Ravitch also warns that the ability of charters to exclude the harder to educate will create "a two-tier system of widening inequality." Some charters will continue to show success, and because the more motivated families will opt out, we will have a spiral where the scores of those left behind in the public schools will continue to decline. As Ravitch notes,
This would be a ominous development for public schools and for our nation.


As noted, some "success" of charter schools is a direct result of the intervention of corporate interests and foundations of wealthy people. These are issues that repeatedly come up, throughout the book. Thus in San Diego, when one school board member was opposed to what Alan Bersin was attempting to do, Frances Zimmerman found herself a target. At a time when the typical school board race cost $40,000,
leading business figures in the city contributed over $700,000 to defeat Zimmerman. Walmart heir John Walton of Arkansas, a supporter of charter schools and vouchers, and Los Angeles billionaire Eli Broad each contributed more than $100,000 to the anti-Zimmerman campaign.
In this case Zimmerman survived, although she remained in the minority on a pro-Bersin board.

This kind of intervention by the wealthy should be of great concern, and Ravitch fully takes it on.

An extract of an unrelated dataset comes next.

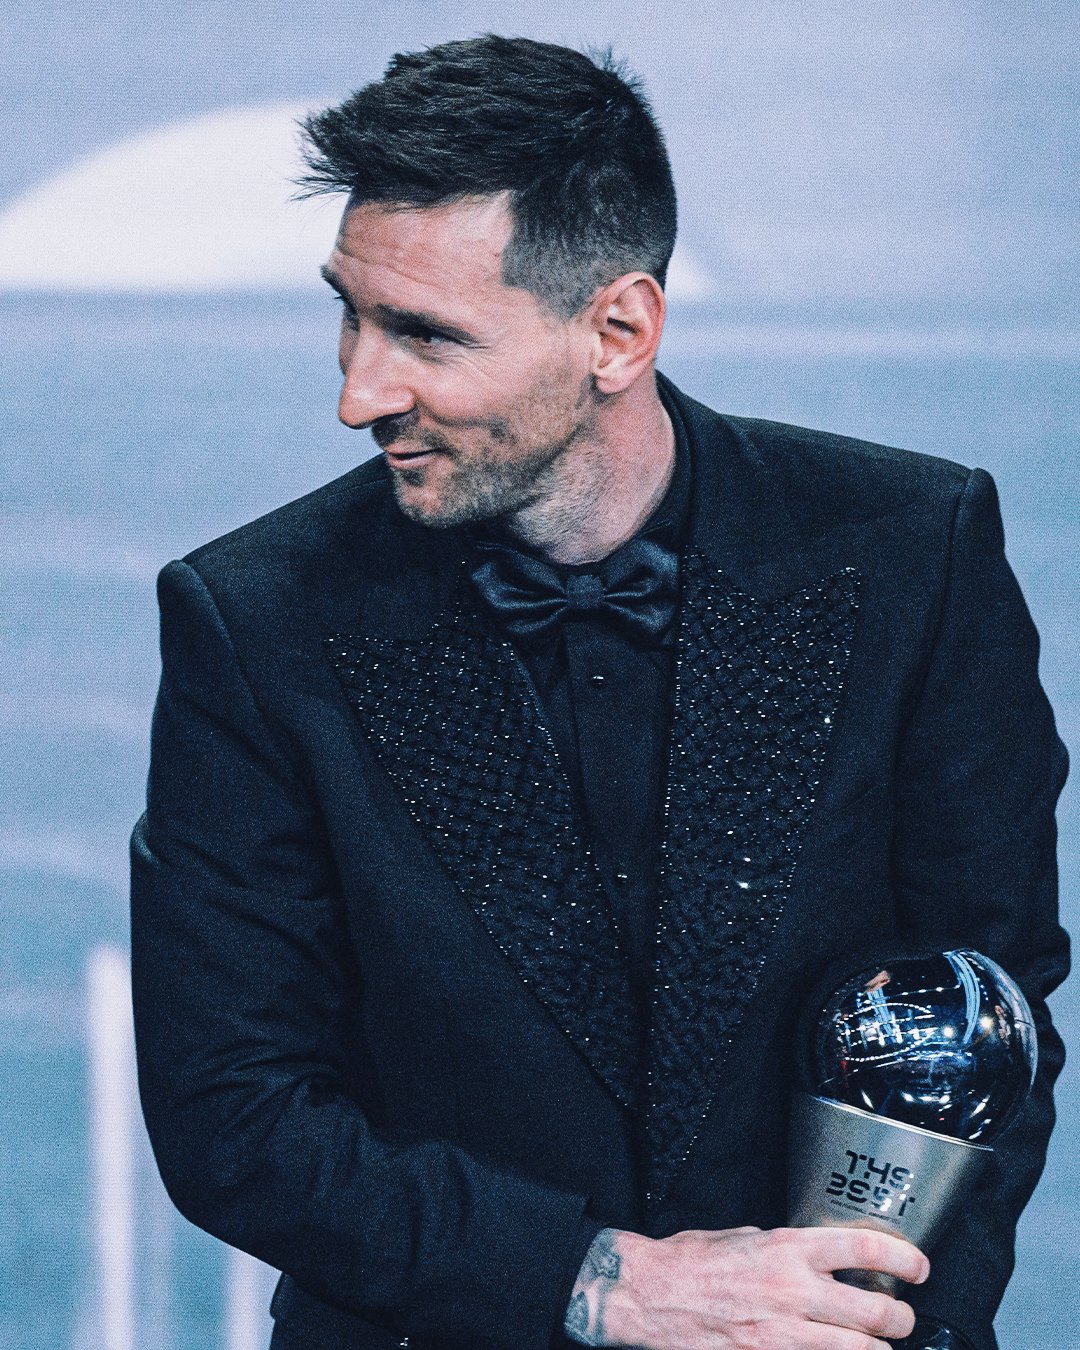 Fifa Best Awards: Lionel Messi wins best male player, Pep Guardiola named best male coach

In Chapter 10 she traces the history of the involvement of charitable foundations in public education, and provides close scrutiny of the major players today. This chapter alone would justify buying and reading the book. You will see in the detail the roles of the major players, including but not limited to the owners of Walmart, Bill Gates, and Eli Broad. You will see not only direct contributions but also further contributions through other foundations. Let me offer four selections, two from the portion on the Walton family, and two more general.

As one review the contributions made by the Walton family Foundation, it is obvious that the family members seek to create, sustain, and promote alternatives to public education. Their agenda is choice, competition and privatization.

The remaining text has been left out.